Reproduce exactly, and only, the lines of the material below running from the line bearing "石垣島ダイビングをアドバンスド講座で水深深く潜る" through the line bearing "Pied.stl Télécharger fichier". Leave any pictures out.

**Extracted material**
^^^^^^^^^^^^^^^^

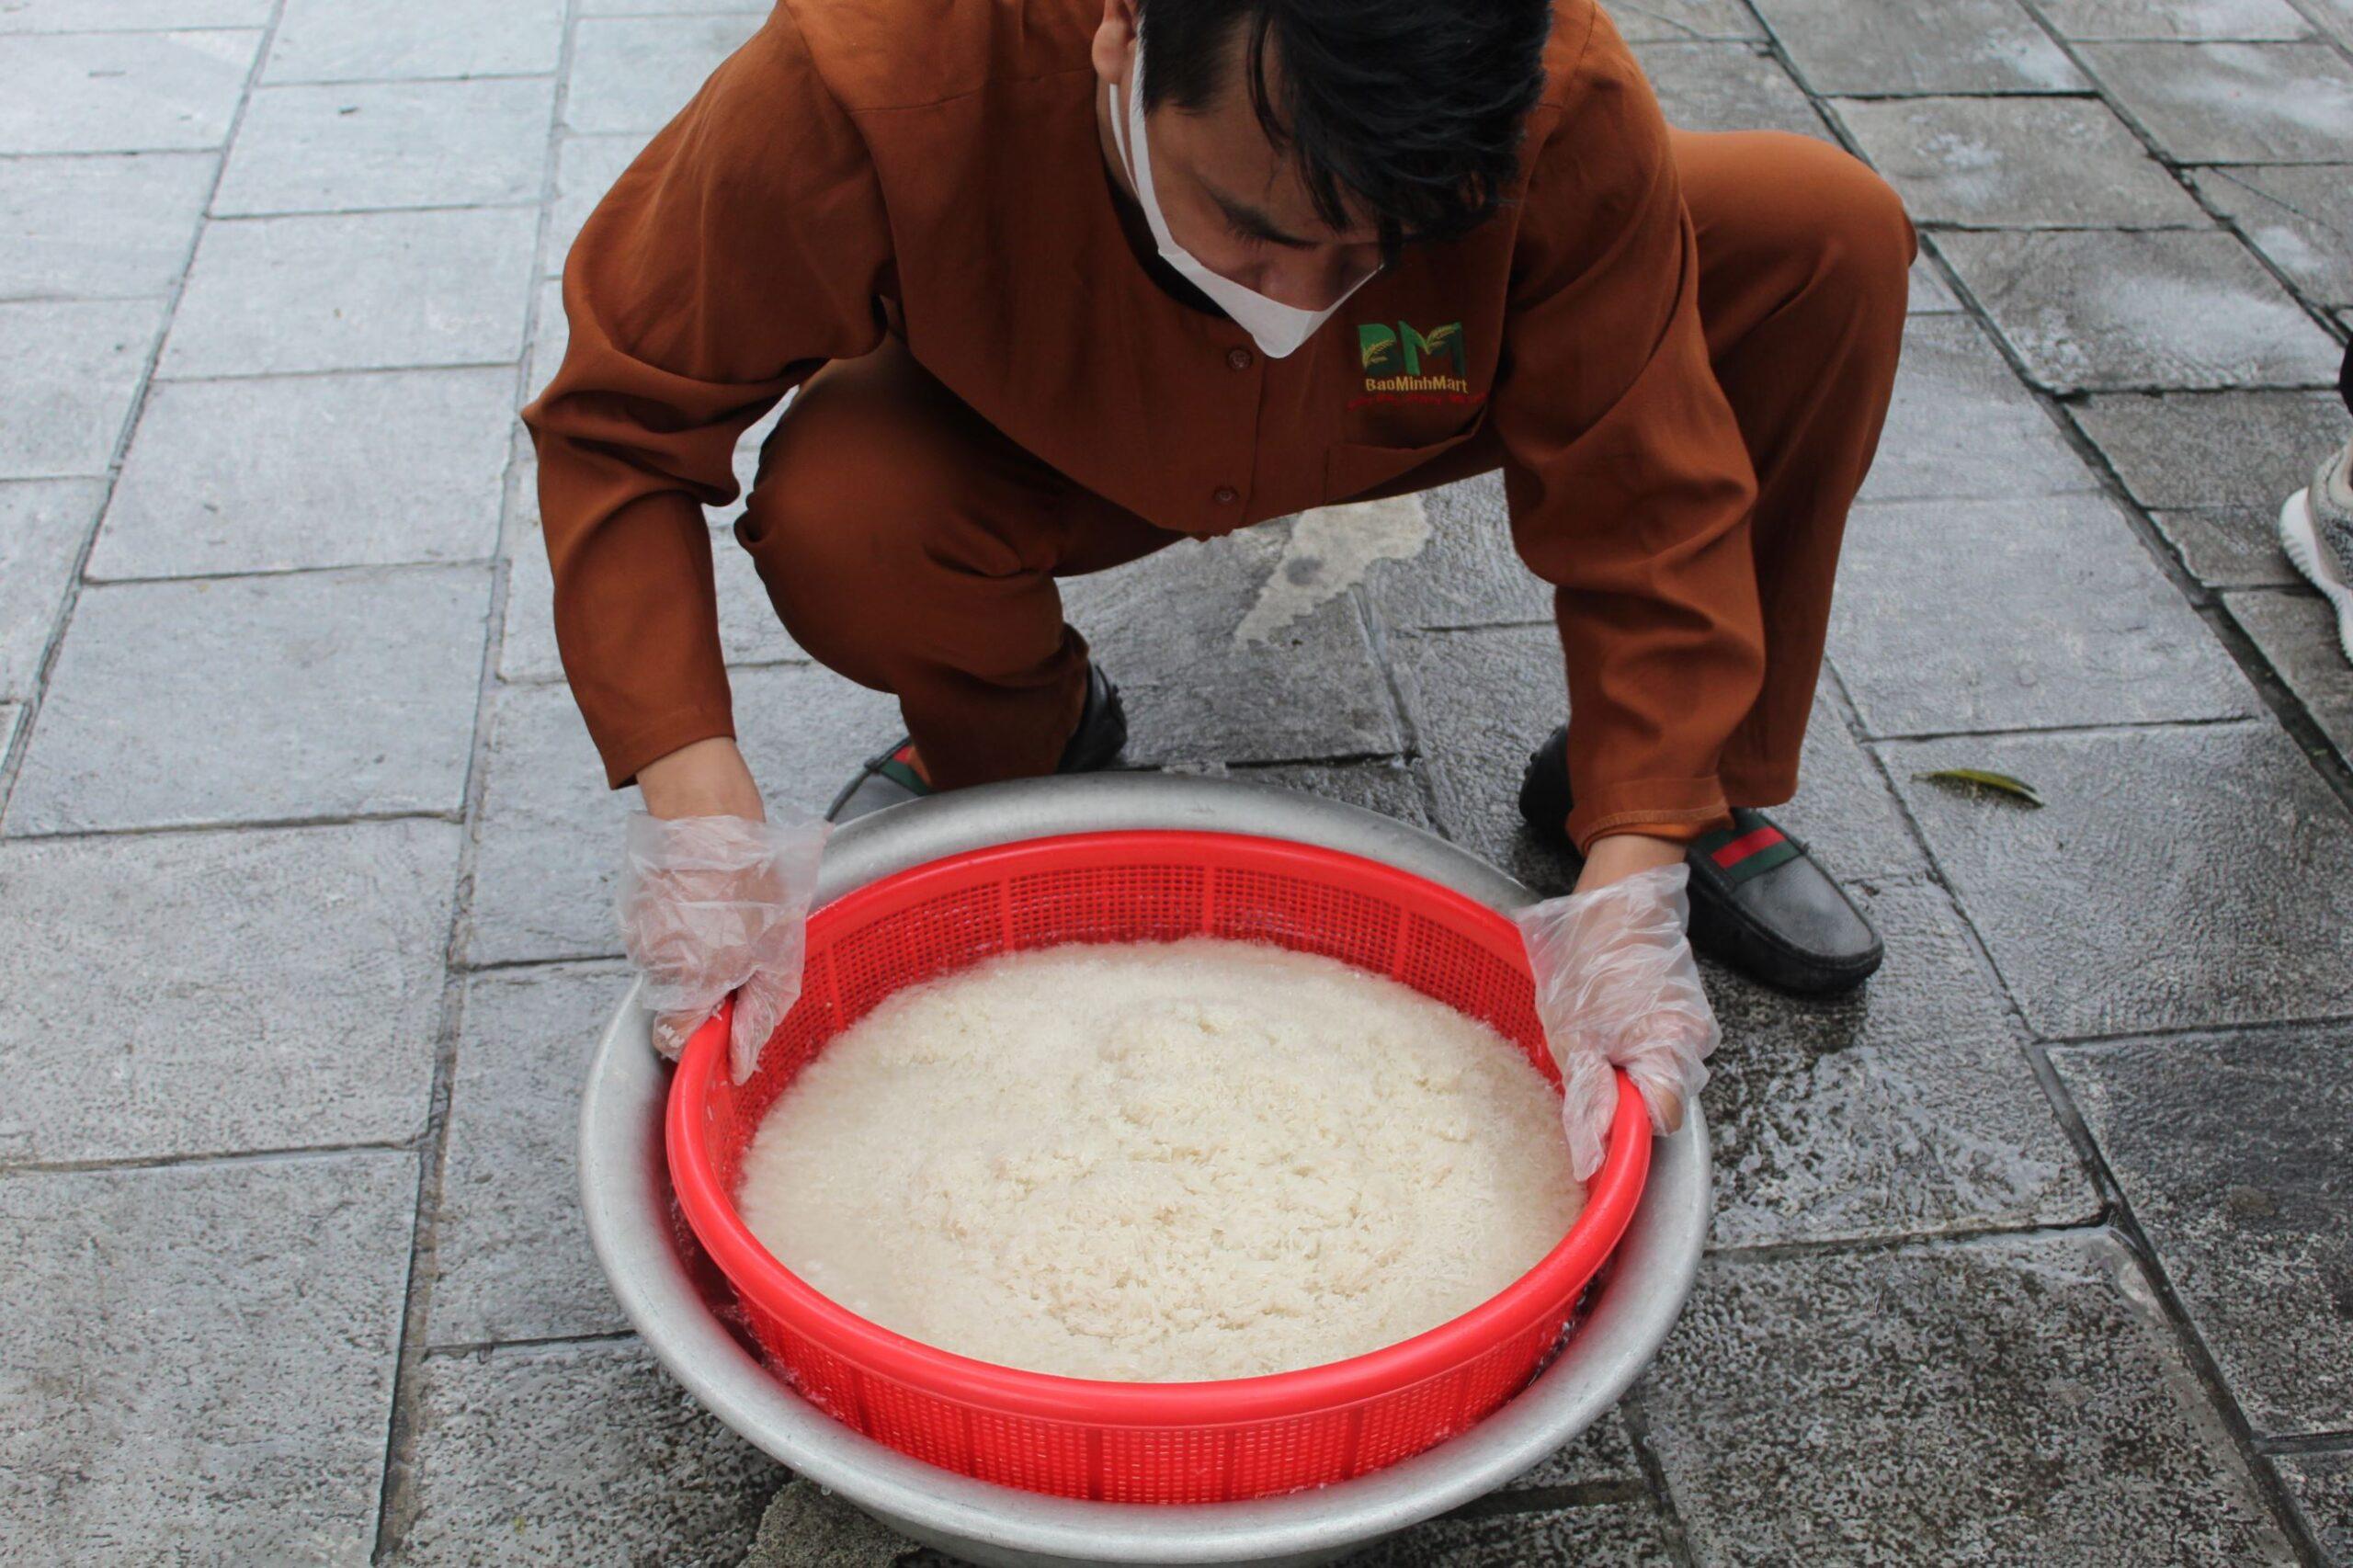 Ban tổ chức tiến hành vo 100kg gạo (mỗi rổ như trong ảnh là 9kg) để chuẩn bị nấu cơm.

^^^^^^^^^^^^^^^^

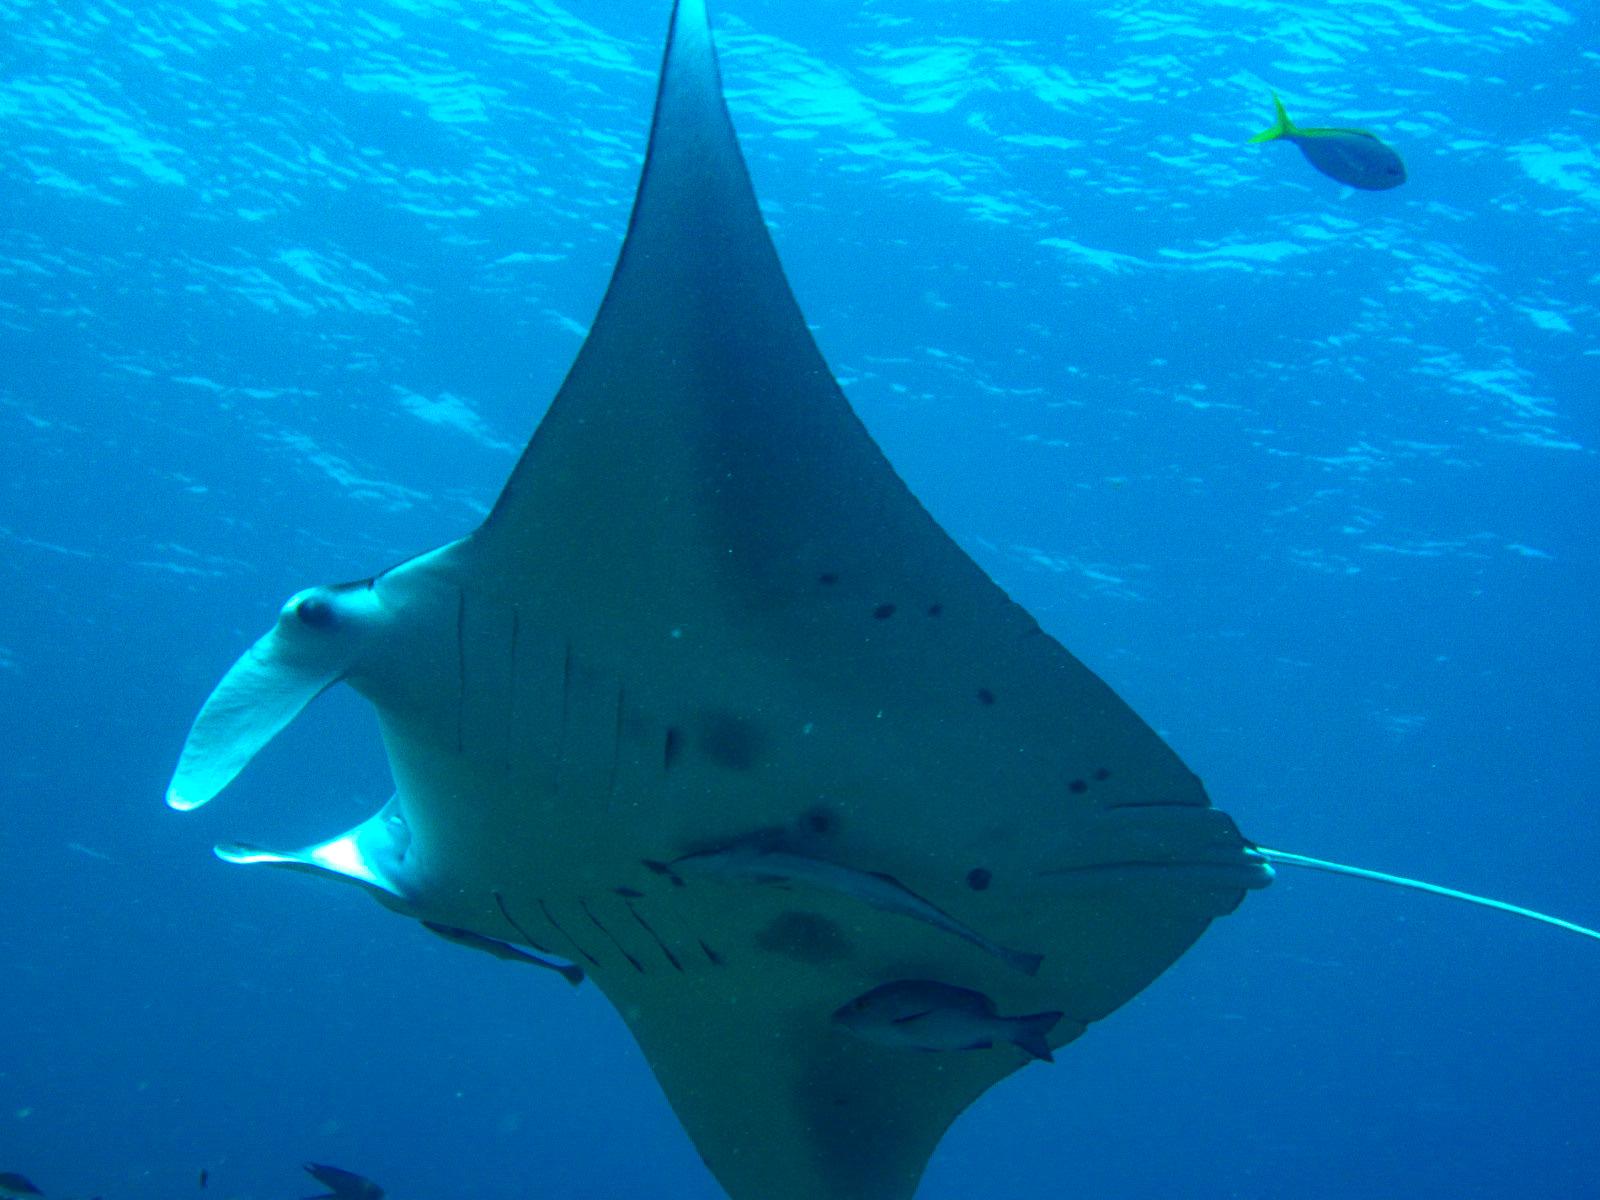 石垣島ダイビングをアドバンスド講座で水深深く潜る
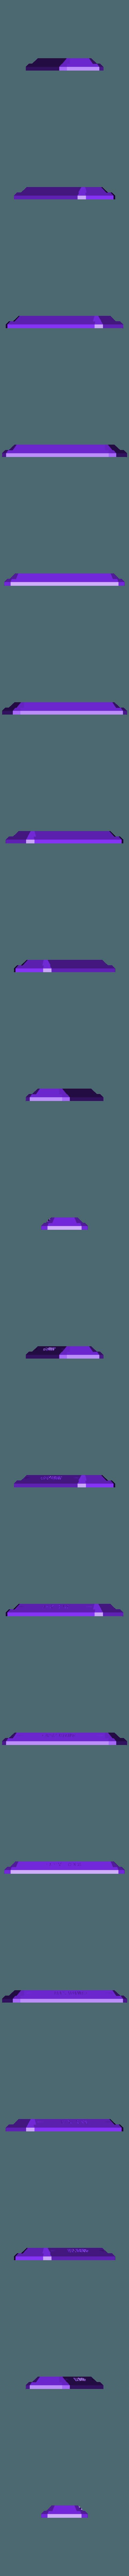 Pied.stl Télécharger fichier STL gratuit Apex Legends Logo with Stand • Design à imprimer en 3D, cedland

^^^^^^^^^^^^^^^^

**Task answer**
 石垣島ダイビングをアドバンスド講座で水深深く潜る
 Pied.stl Télécharger fichier STL gratuit Apex Legends Logo with Stand • Design à imprimer en 3D, cedland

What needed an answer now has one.